◆ **Exercise aim**: No pictures should appear in the copy. Reproduce exactly the lines from the one containing "להפליא קונסולת Playstation" through the end of the material below.

◆ **Data block**:
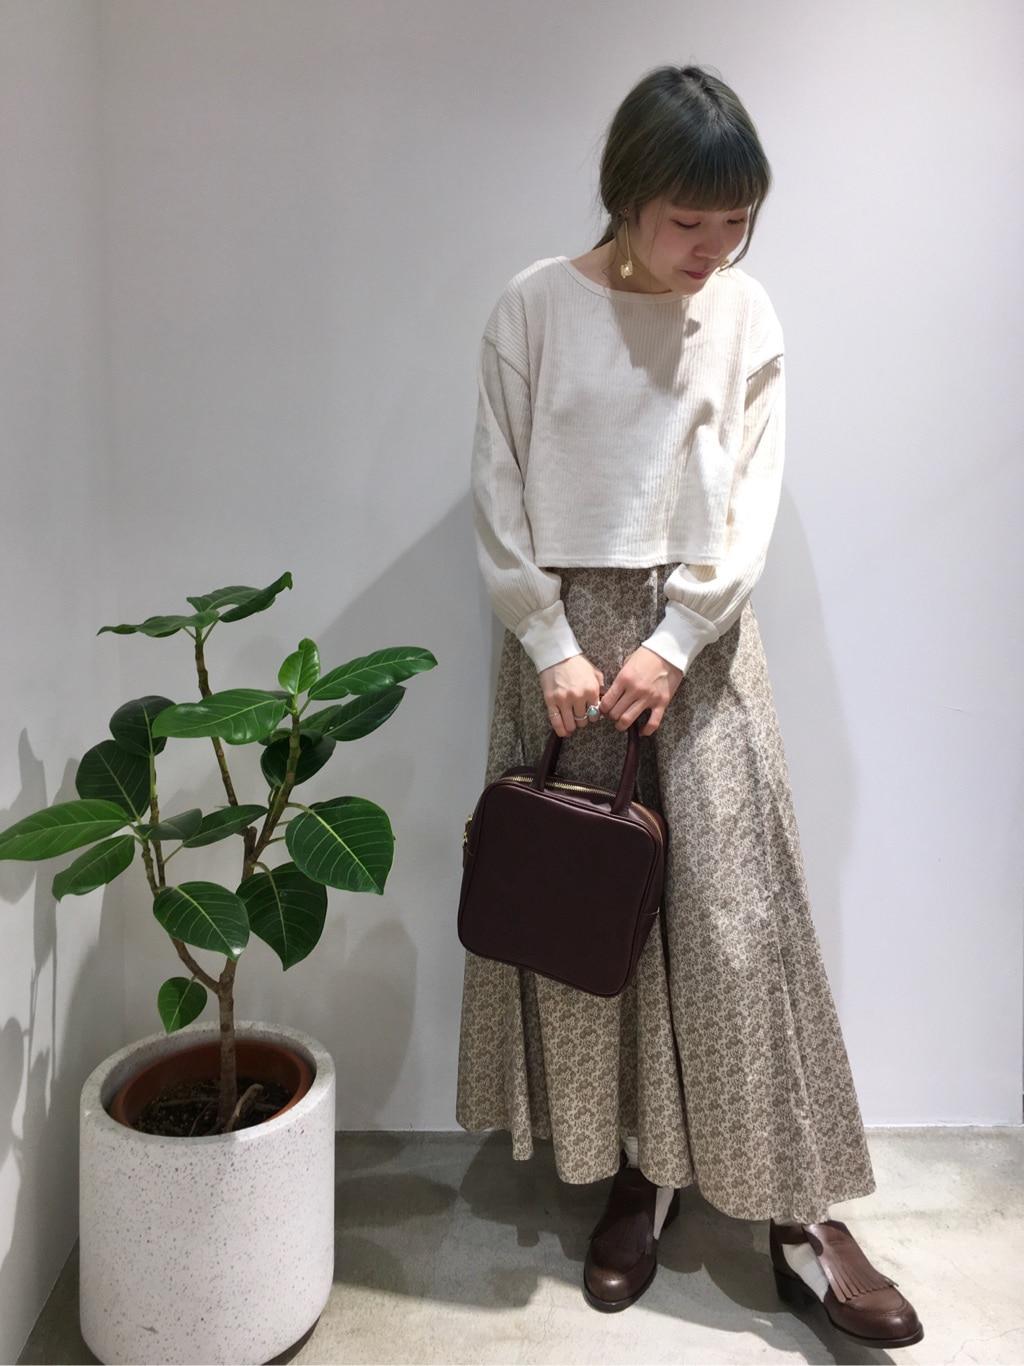 ルクア大阪 2021.04.15
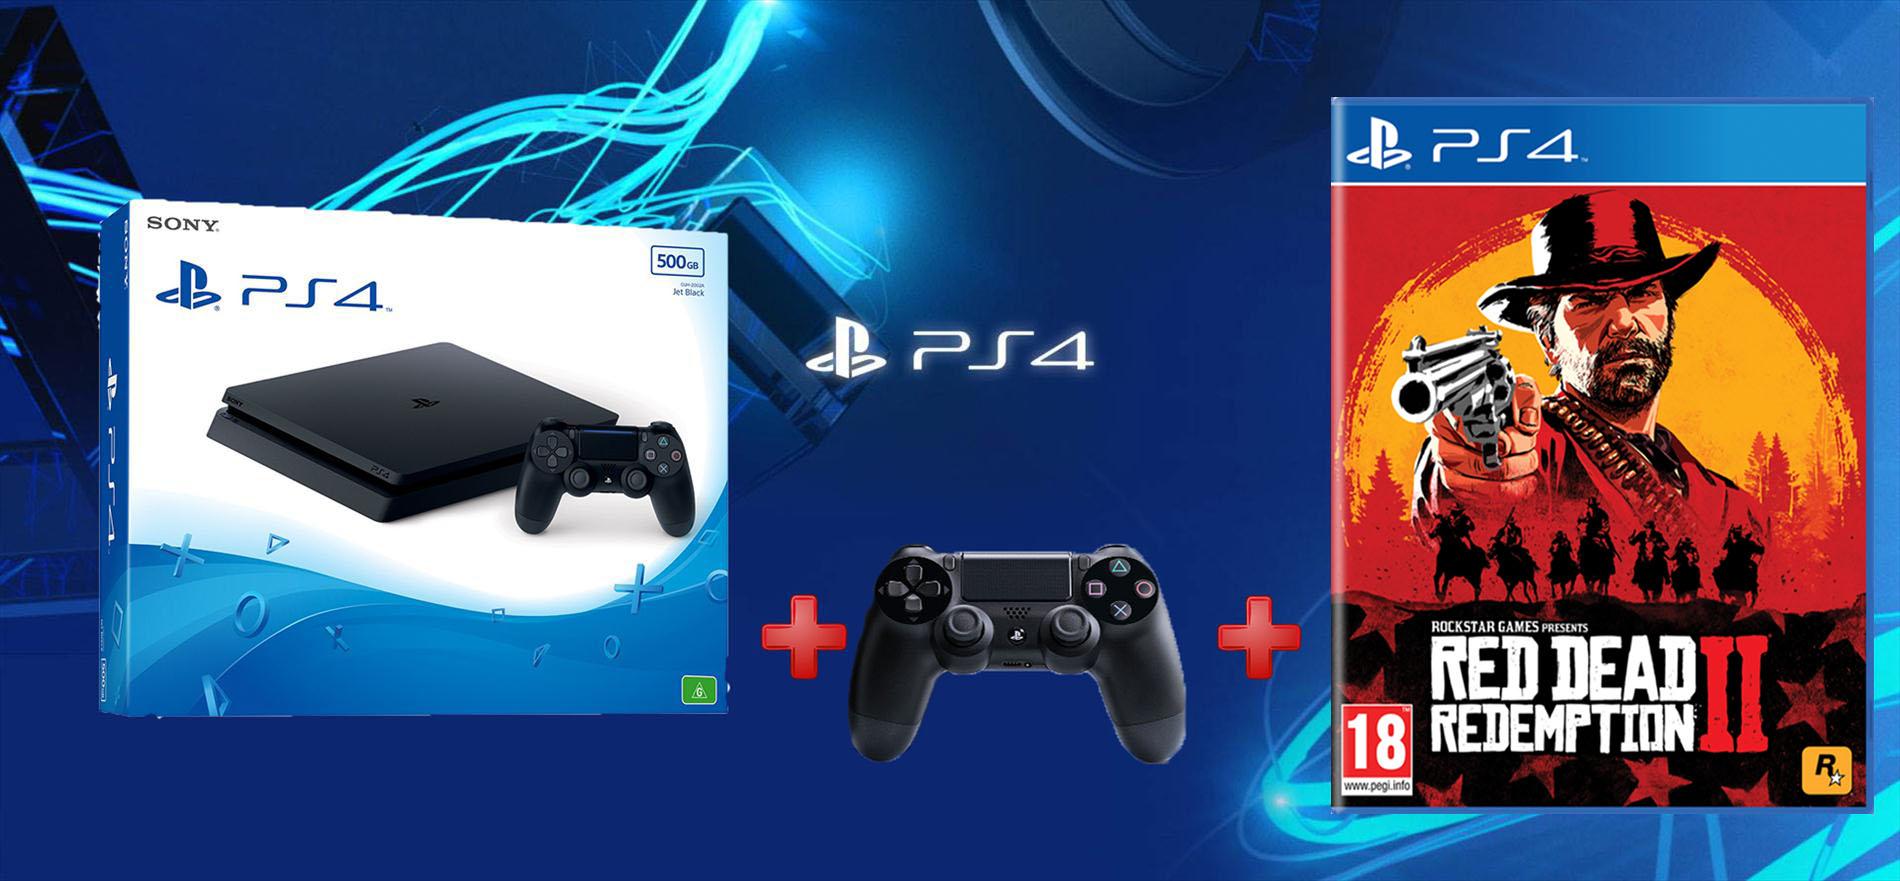 להפליא קונסולת Playstation 4 Slim 1TB+ שלט נוסף + Red Dead Redemption II! IW-75
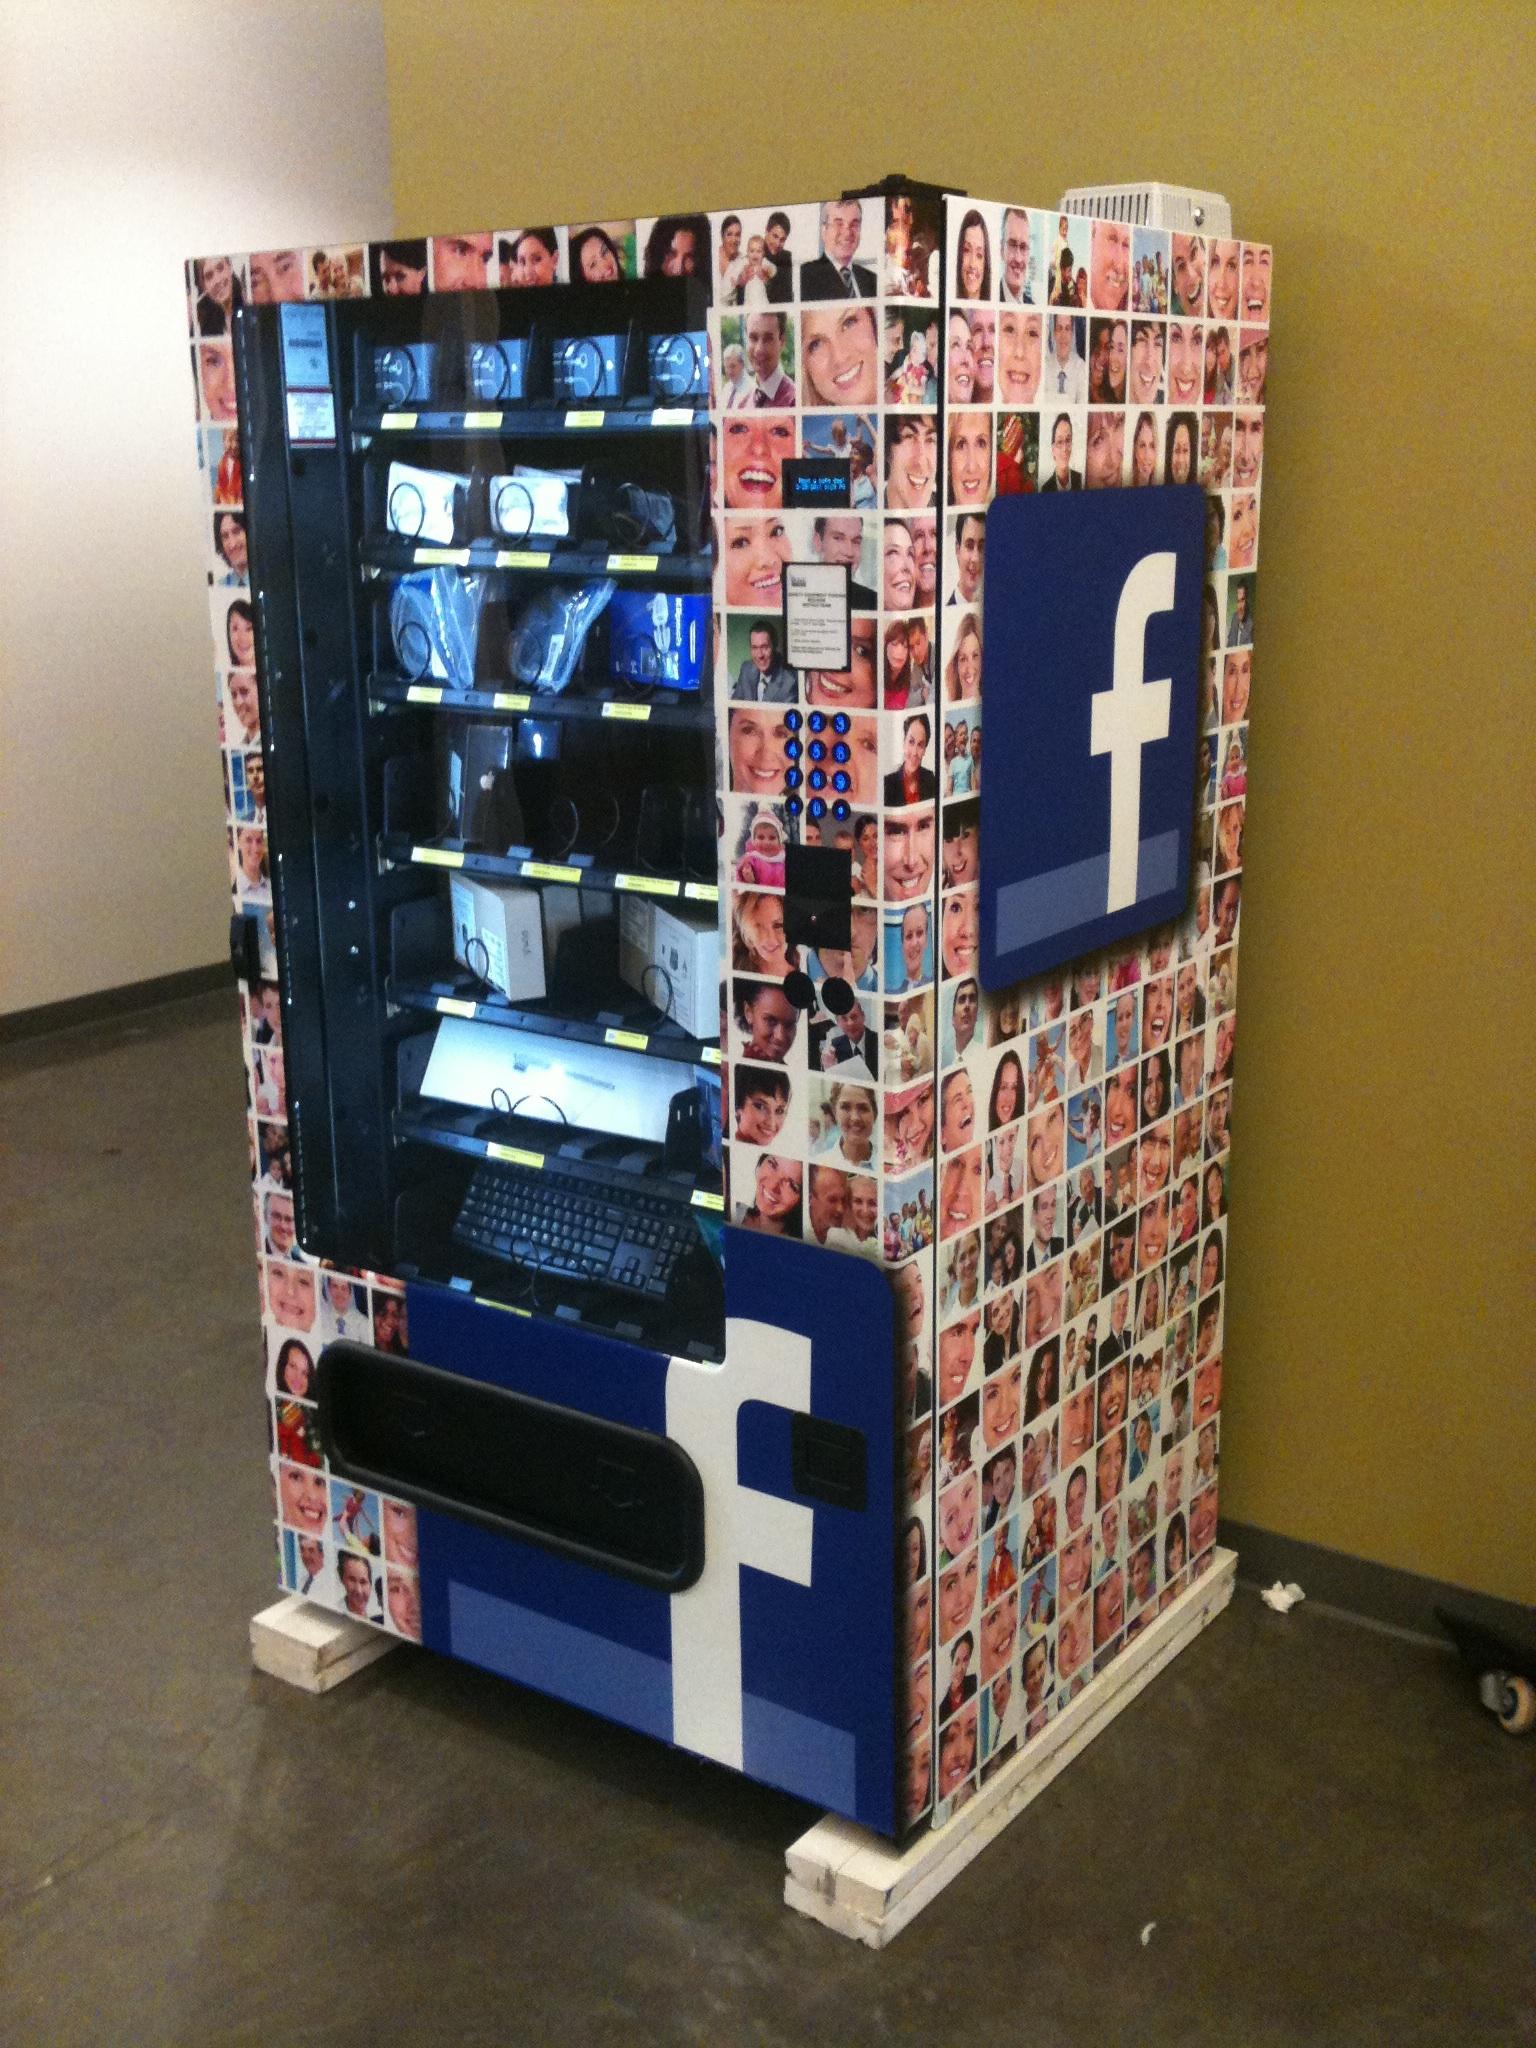 Facebook IT: Computerequipment aus dem Automaten
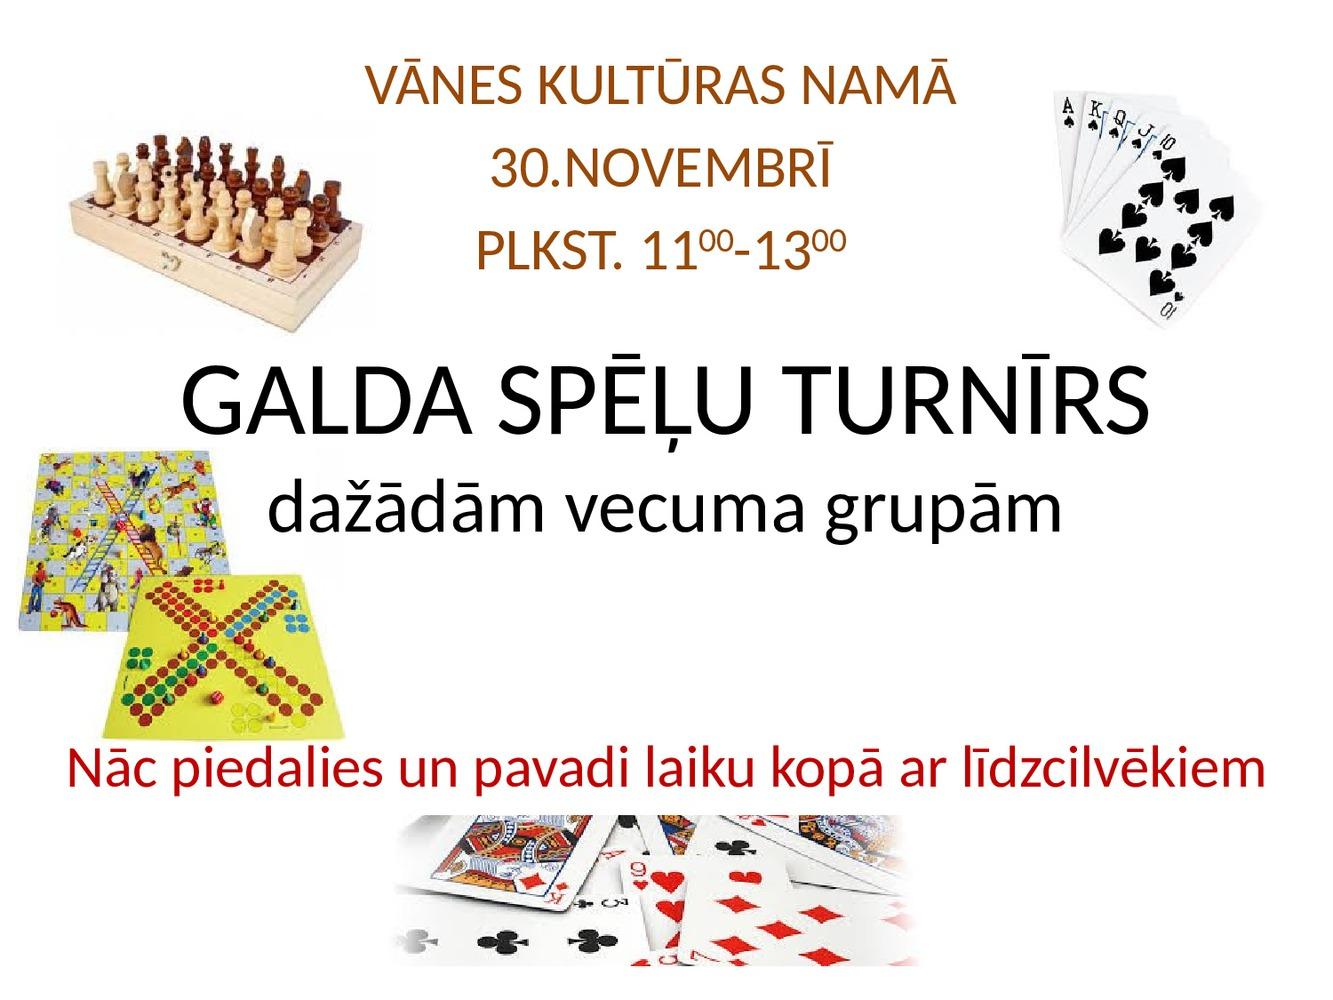 galda_sp196146196187u_turn196170rs.jpg

◆ **Answer area**:
 להפליא קונסולת Playstation 4 Slim 1TB+ שלט נוסף + Red Dead Redemption II! IW-75
 Facebook IT: Computerequipment aus dem Automaten
 galda_sp196146196187u_turn196170rs.jpg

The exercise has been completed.